**EXERCISE BRIEF**
Give back the full listing as written. No pictures go with it.

**DATA PROVIDED**
Start of Block

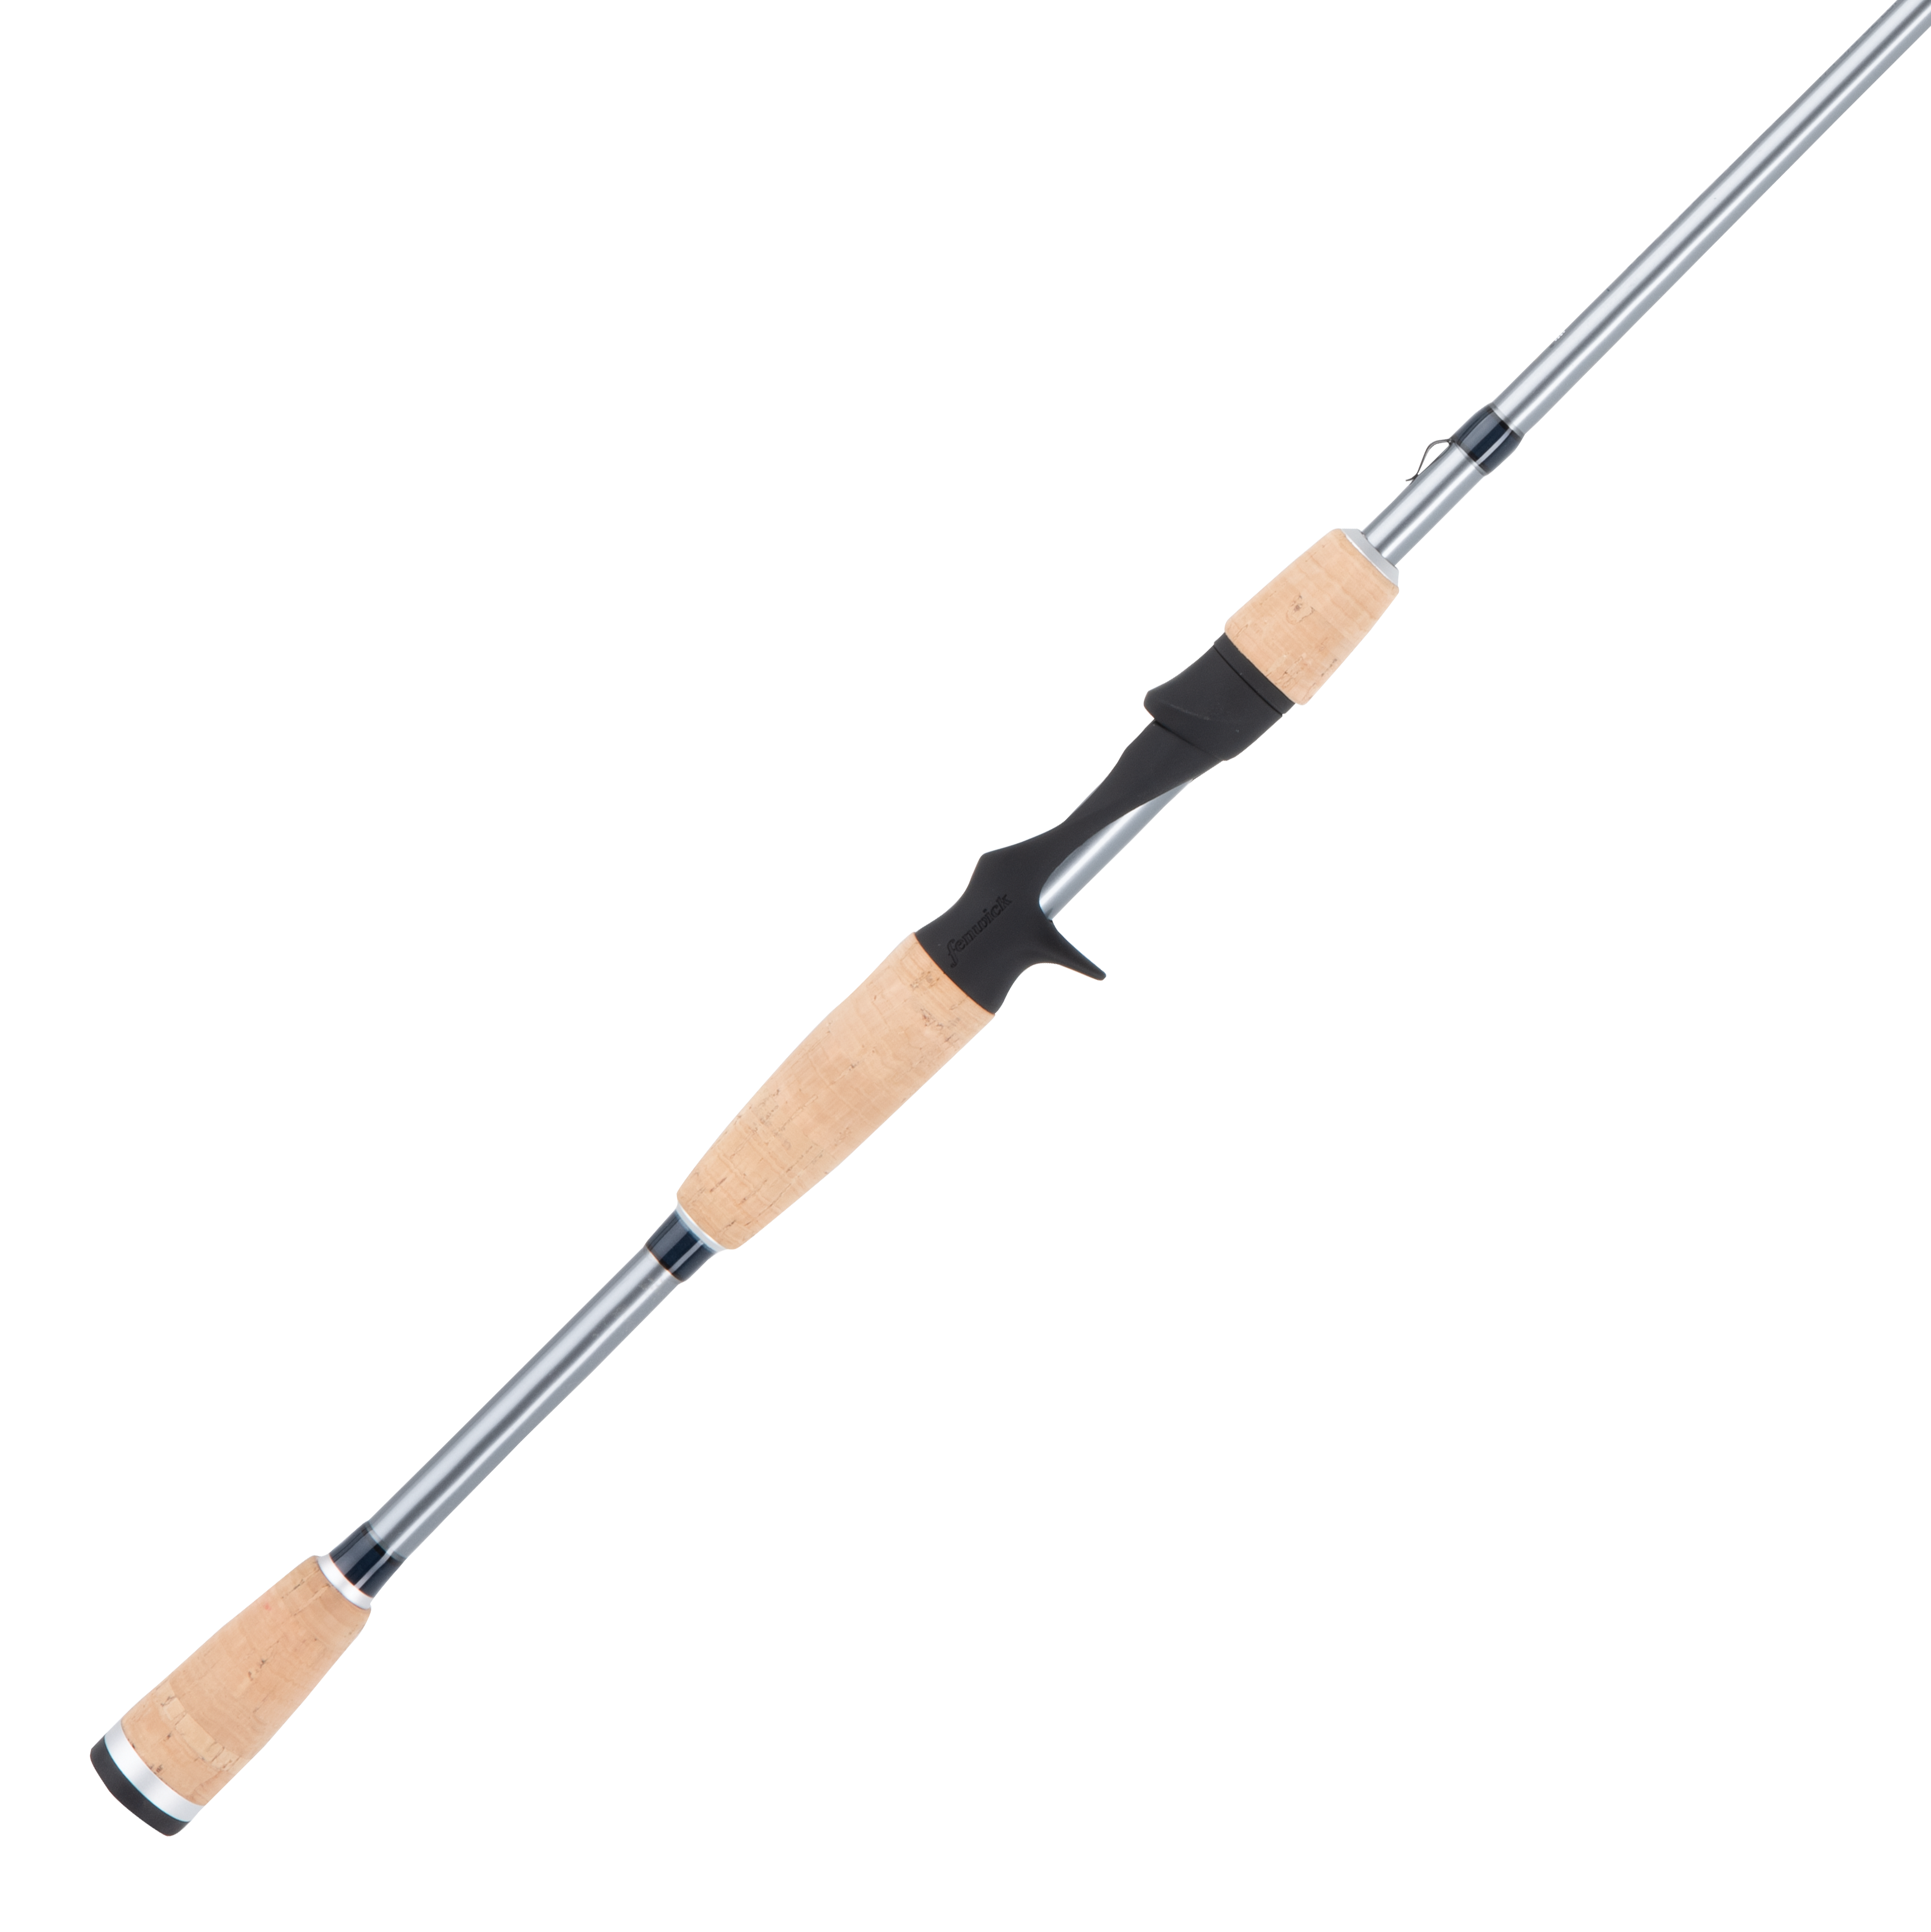 https://cs1.0ps.us/original/opplanet-fenwick-world-class-casting-rod-handle-type-b-7ft-2in-rod-length-heavy-power-fast-action-1-piece-wcl72h-fc-main
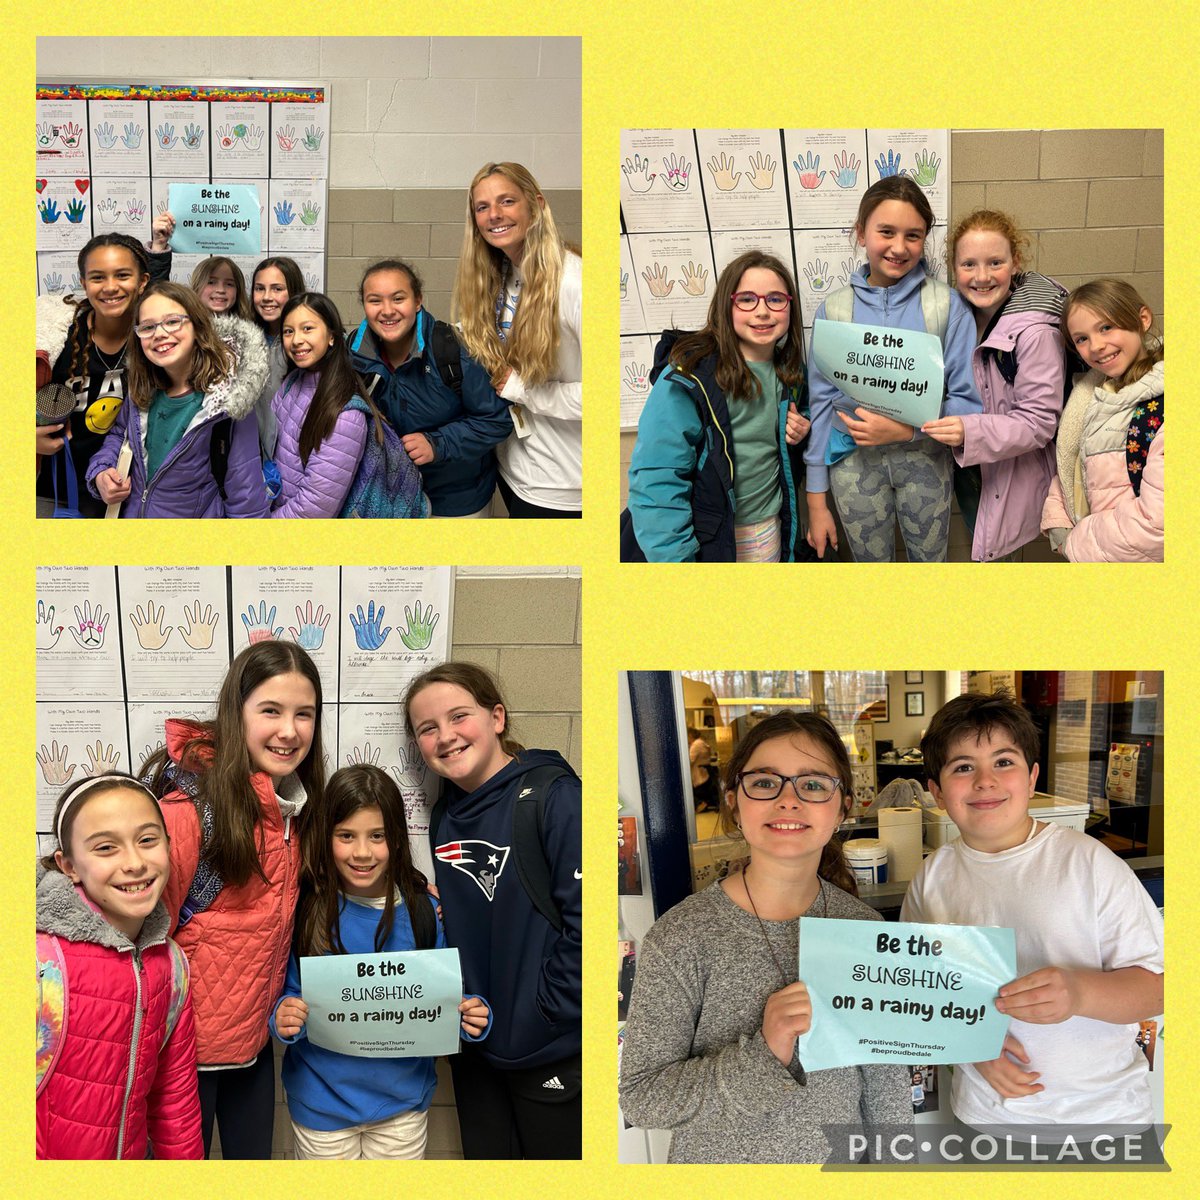 As we deal with all this 🌧️ today, #beproudbedale decided to turn to positivity & spread it far & wide. #positivesignthursday #medfieldps #goodvibes
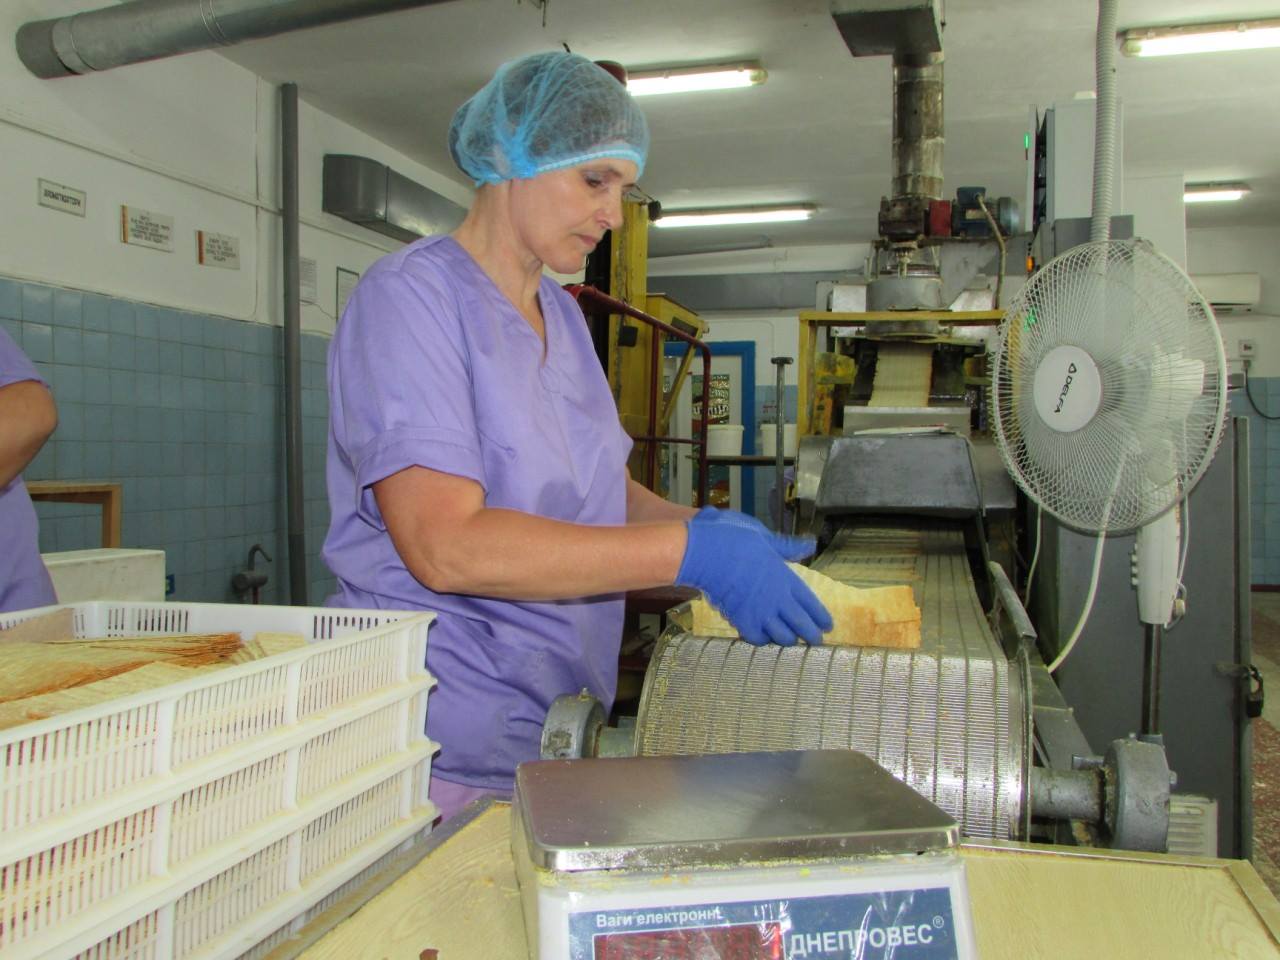 Production of wafer chips at the Shpola food factory

End of Block

**EXPECTED ANSWER**
 https://cs1.0ps.us/original/opplanet-fenwick-world-class-casting-rod-handle-type-b-7ft-2in-rod-length-heavy-power-fast-action-1-piece-wcl72h-fc-main
 As we deal with all this 🌧️ today, #beproudbedale decided to turn to positivity & spread it far & wide. #positivesignthursday #medfieldps #goodvibes
 Production of wafer chips at the Shpola food factory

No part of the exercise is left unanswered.